Inerrancy: Limited or Unlimited?

From on Jun 19, 2014


Inerrancy: Limited or Unlimited?

The Evangelical View: Unlimited Inerrancy

The famous “Chicago Statement” on Biblical Inerrancy (1978), which was affirmed by some 300 evangelical scholars, was later accepted by the 3000 member Evangelical Theological Society as a guide for understanding inerrancy (2006).  It is not, as some critics imply, the work of one individual or small group of individuals.

Unlimited inerrancy, as embraced by evangelical scholars down through the centuries and expressed  by the International Council on Biblical Inerrancy (ICBI), held  the following:  “We affirm that inspiration… guaranteed true and trustworthy utterance on all matters of which the biblical authors were moved to speak and write” (Article IX).  They added (in Article XII), “We affirm that Scripture in its entirety is inerrant, being free from all falsehood, fraud, or deceit.  We deny that biblical infallibility and inerrancy are limited to spiritual, religious or redemptive themes, exclusive of assertions in the fields of history and science”  It adds, “We affirm that since God is the author of all truth,…the Bible speaks truth when it touches on matters pertaining to nature, history, or anything else” (Article XX). This has been the standard Evangelical view down through the centuries (see John Hannah, Inerrancy and the Church).

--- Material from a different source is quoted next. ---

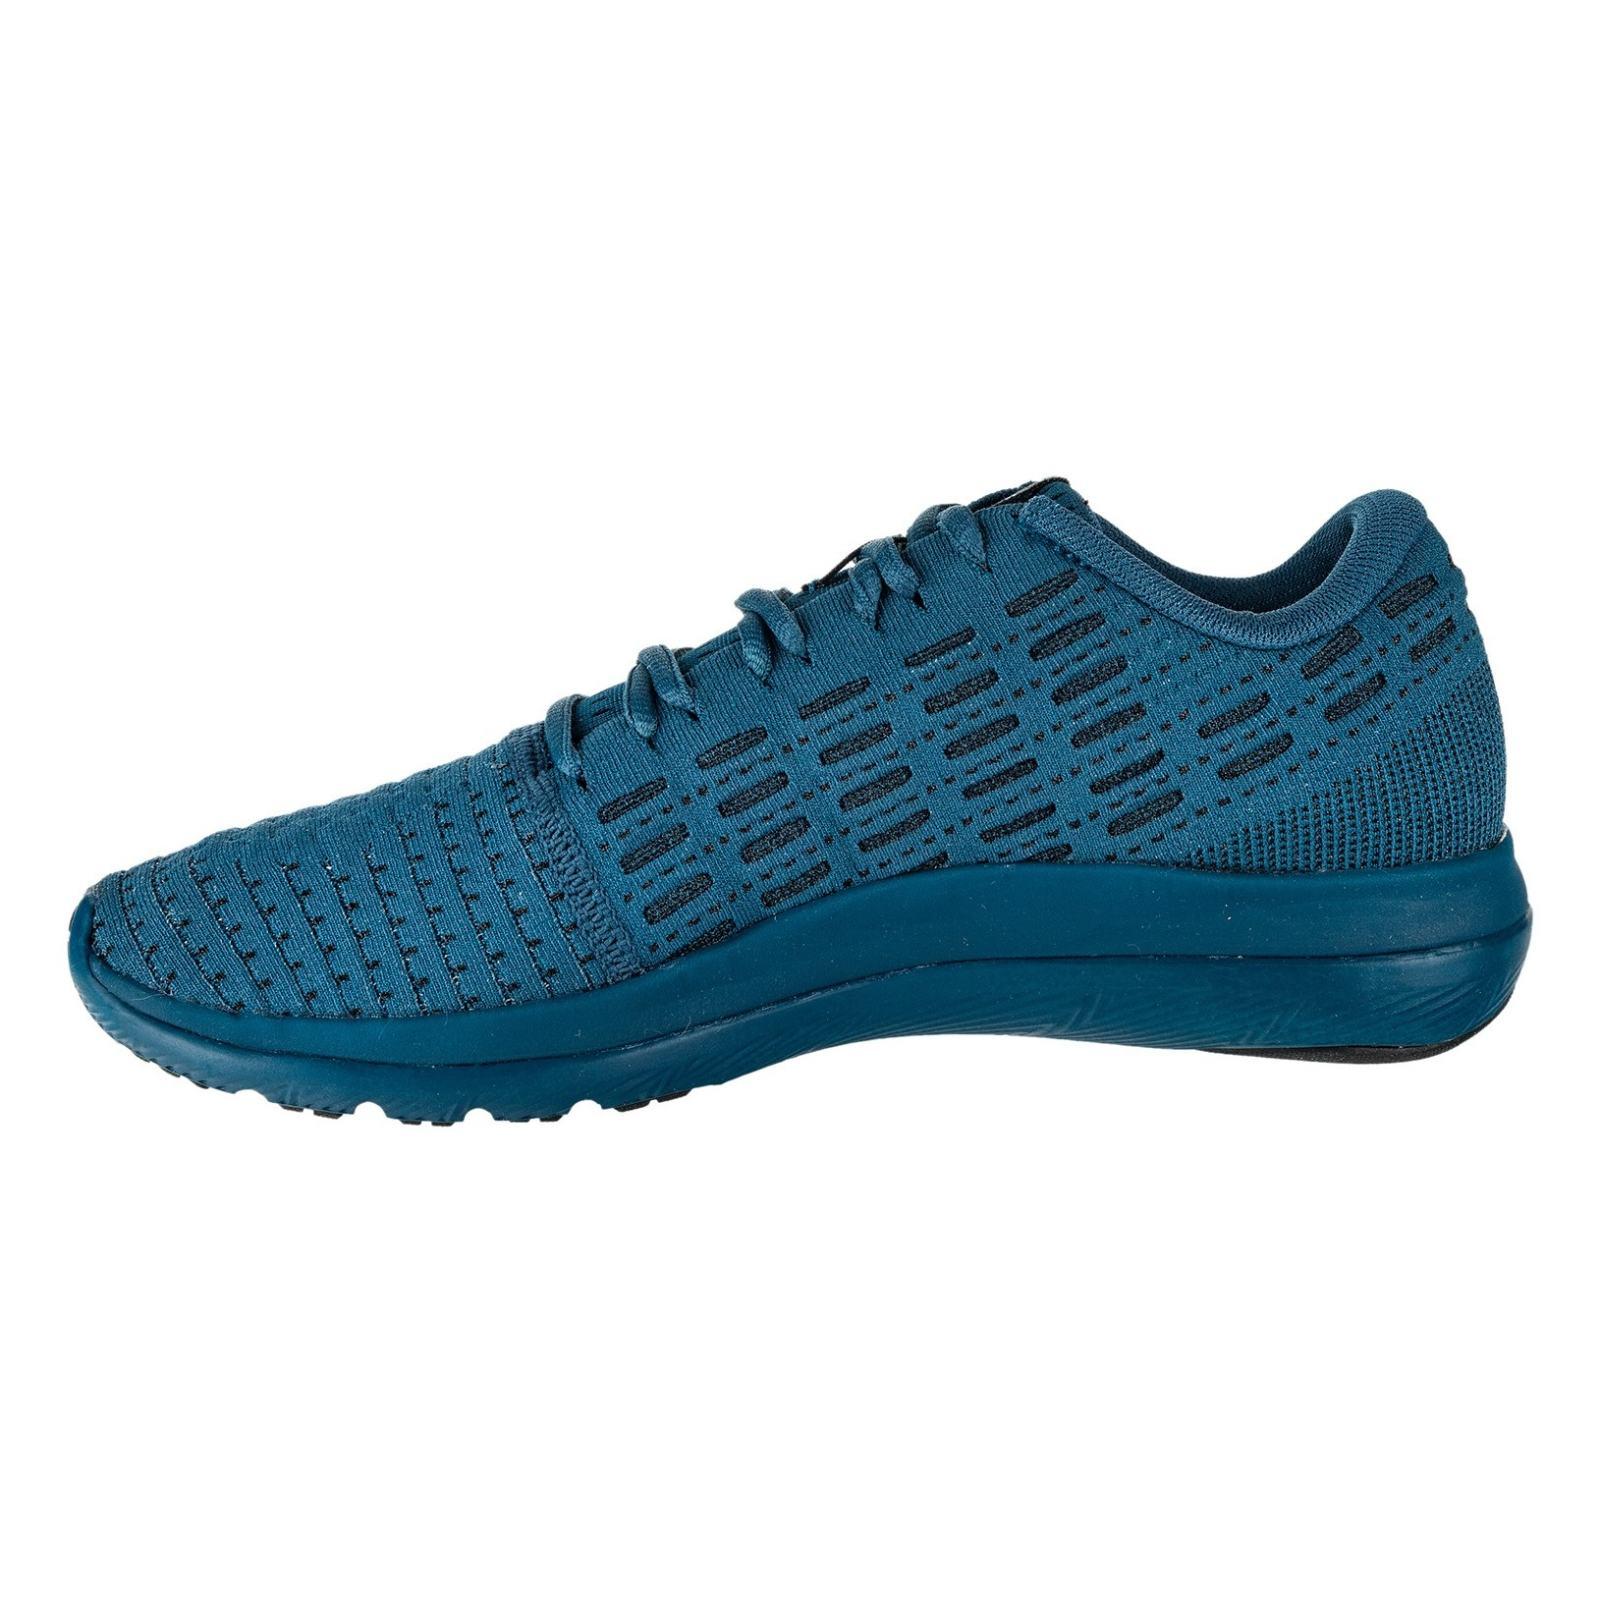 کفش دویدن بندی مردانه Threadborne Slingflex - آندر آرمور - آبي تيره - 2

The Neoevangelical View: Limited Inerrancy

However, a group of evangelical scholars are now denying the historic evangelical statement of the ICBI in favor of a Neoevangelical view of Limited Inerrancy which limits inerrancy to redemptive matters and denies inerrancy of historical and scientific issues.  This Limited Inerrancy view was presented by Jack Rogers of Fuller Seminary in The Authority and Interpretation of the Bible (1979) and was refuted by John Woodbridge in A Critique of Roger/McKim Proposal (1982).  The new “Battle for the Bible” is all about this same issue.  However, there are some serious problems with this view of Limited Inerrancy.

First, it is a denial that the whole Bible is the Word of God.  For if (1) God cannot error (cf. Heb. 6:18; Titus 1:2; Jn. 17:17), and if (2) the Bible is the Word of God (cf. Mt. 5:17-18; Jn. 10:34-35), then it follows logically and necessarily that (3) the Bible cannot error—i.e., it cannot error in anything it affirms. Why? Because it is God’s Word, and God cannot err on anything He asserts.  The God of the Bible is omniscient (all-knowing), and an all-knowing Being cannot err in anything He affirms—whether it is theology, history, or science.

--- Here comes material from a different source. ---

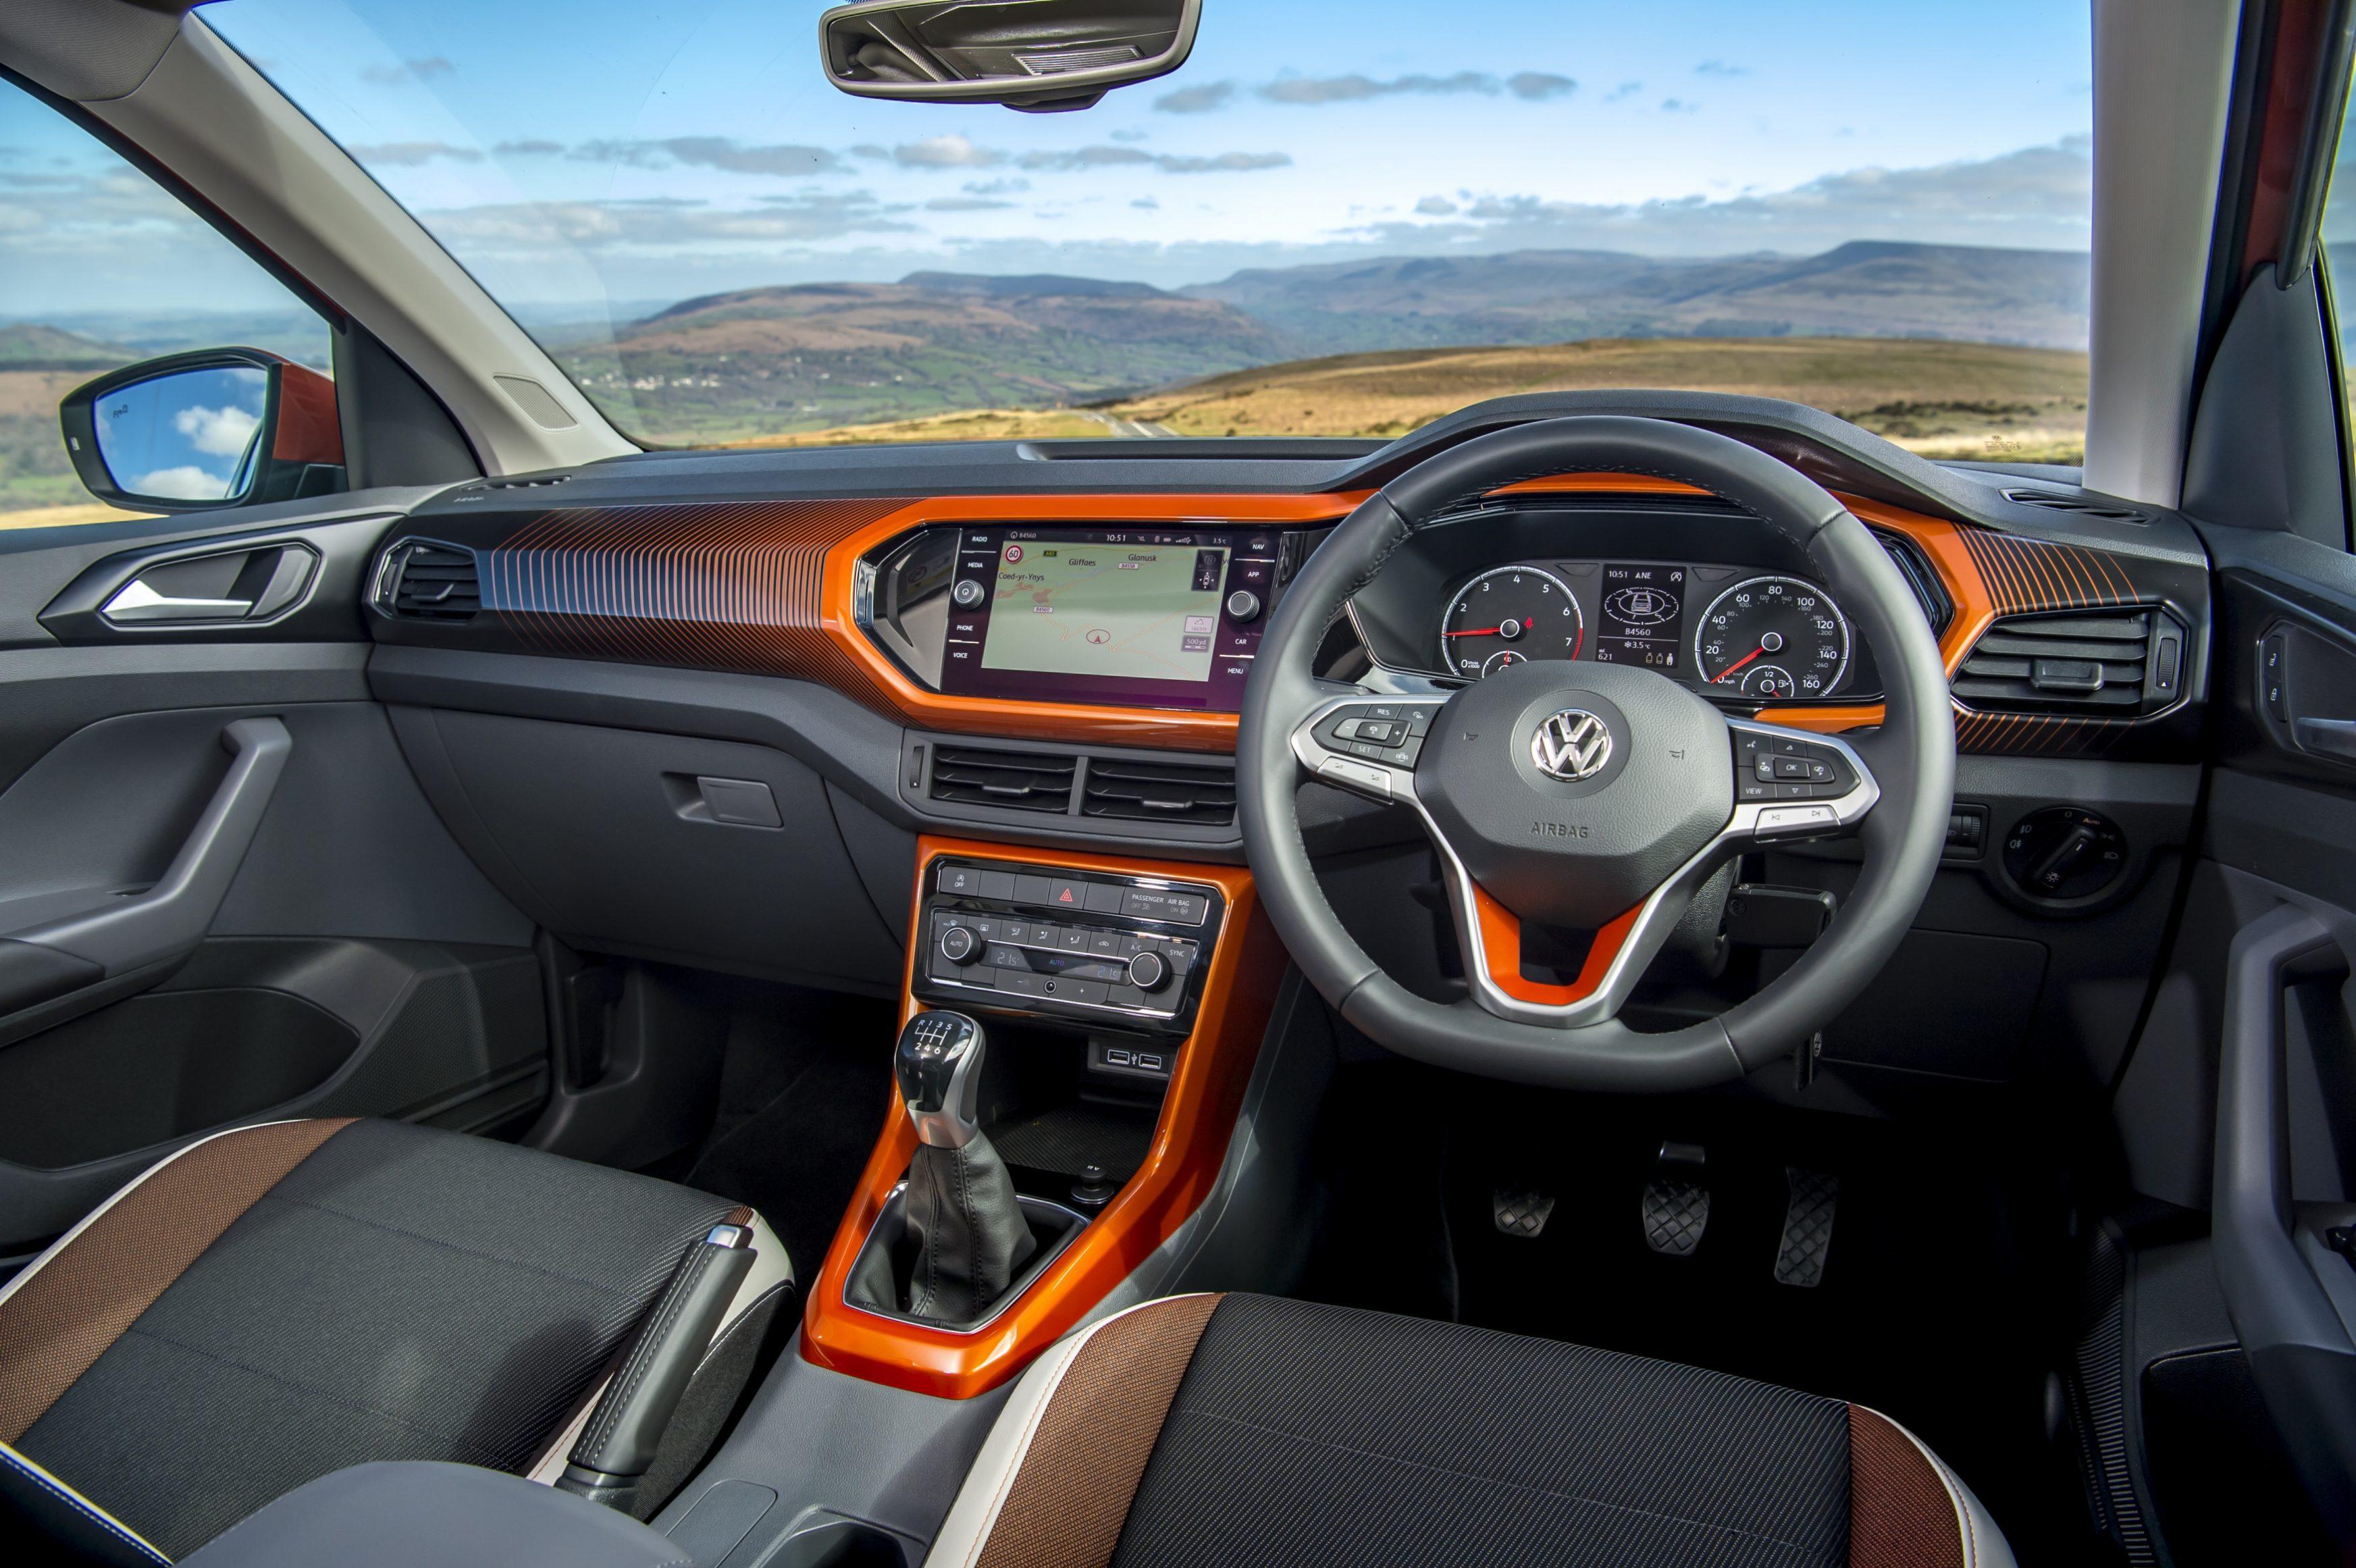 2021 Volkswagen T-Cross interior

Second, many theological doctrines cannot be separated from their historical and scientific affirmations and implications.  For example, the biblical doctrine of creation cannot be separated from its scientific affirmations that the material world was created and that life has an intelligent Creator.  Likewise, the doctrine of the virgin birth cannot be separated from the affirmations that a male sperm was not involved.  Nor can one’s belief in Jesus’ death and resurrection be separated from the scientific assertions that He died physically or the historical affirmation He rose bodily from the grave.

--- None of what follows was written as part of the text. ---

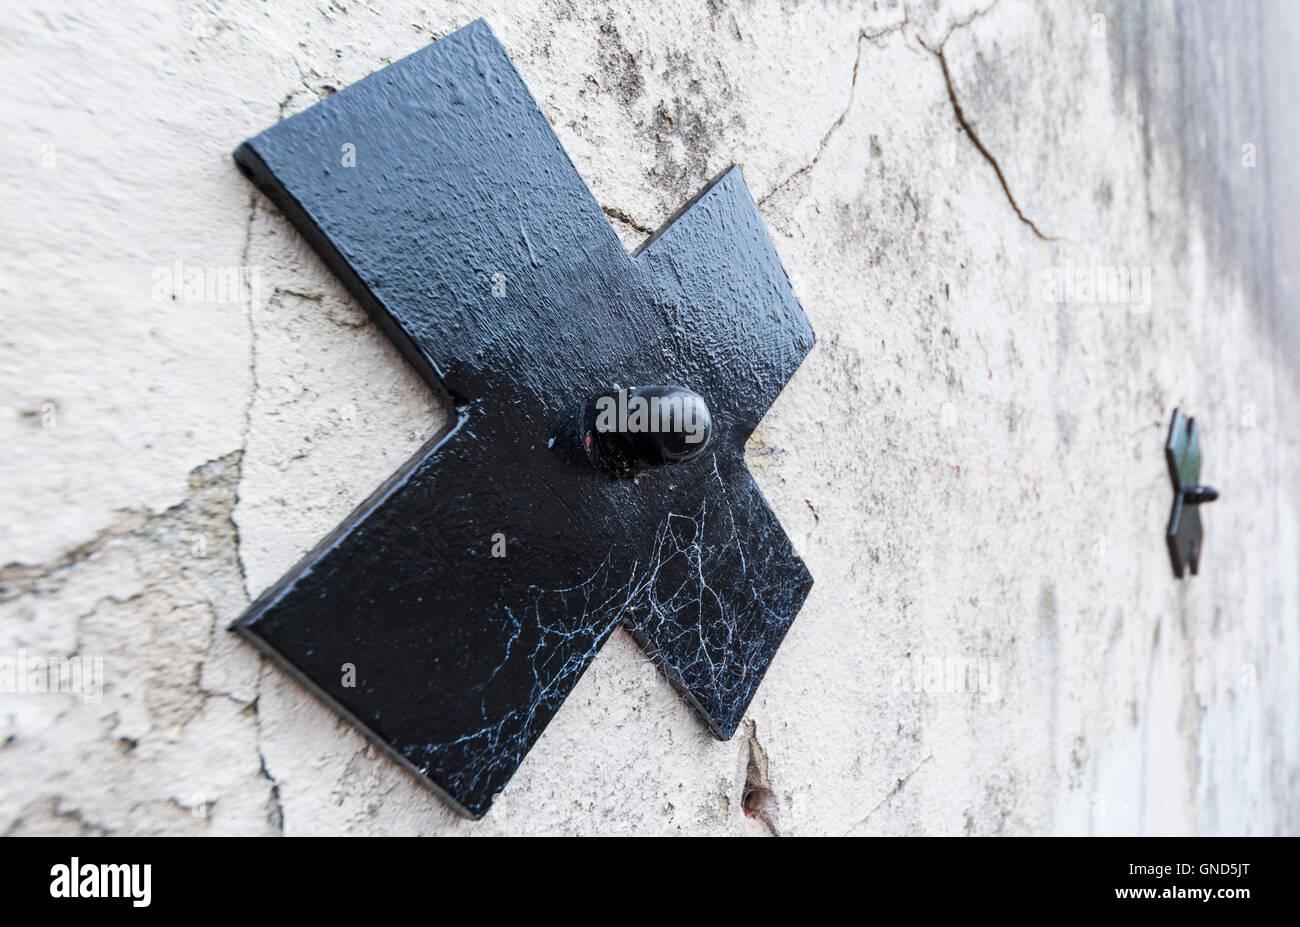 Placa Pattress en una pared sujeción que fija la inestabilidad de la pared exterior. Imagen De Stock

Third, Jesus said, “If I have told you of earthly things and you do not believe, how can you believe if I tell you of heavenly things?” (Jn. 3:12).  Likewise, if we cannot trust the Bible when it speaks of earthly things, then how can it be trusted when it speaks of heavenly things?  As it has been aptly put, “If we cannot trust the Bible when it speaks of how the heavens go, then how can we trust it when it tells us how to go to heaven?”

Fourth, just as Jesus, God’s living Word, is both God and man without sin (Heb. 4:15), even so the Bible is God’s written word without error (Psa. 19:7).  Appealing, as critics do, to hypothetical errors Jesus assumed to have may have made as a child, misses the whole point, namely, only whatever Jesus (or the Bible) taught is without error, and no one has ever found anything Jesus (or the Bible) taught to have an error in it!

Finally, appealing to Jesus’ (and the Bible’s) limits as a finite medium does not invalidate the claim for complete inerrancy.  For while Jesus in His human nature was limited (Mk. 13:32; Lk. 2:52), He necessarily adapted to human finitude, but there is absolutely no evidence that He ever accommodated to human error!  The same is true of God’s inerrant written Word.  In short, the error is not in the Bible; it is in the Neoevangelical view about the Bible.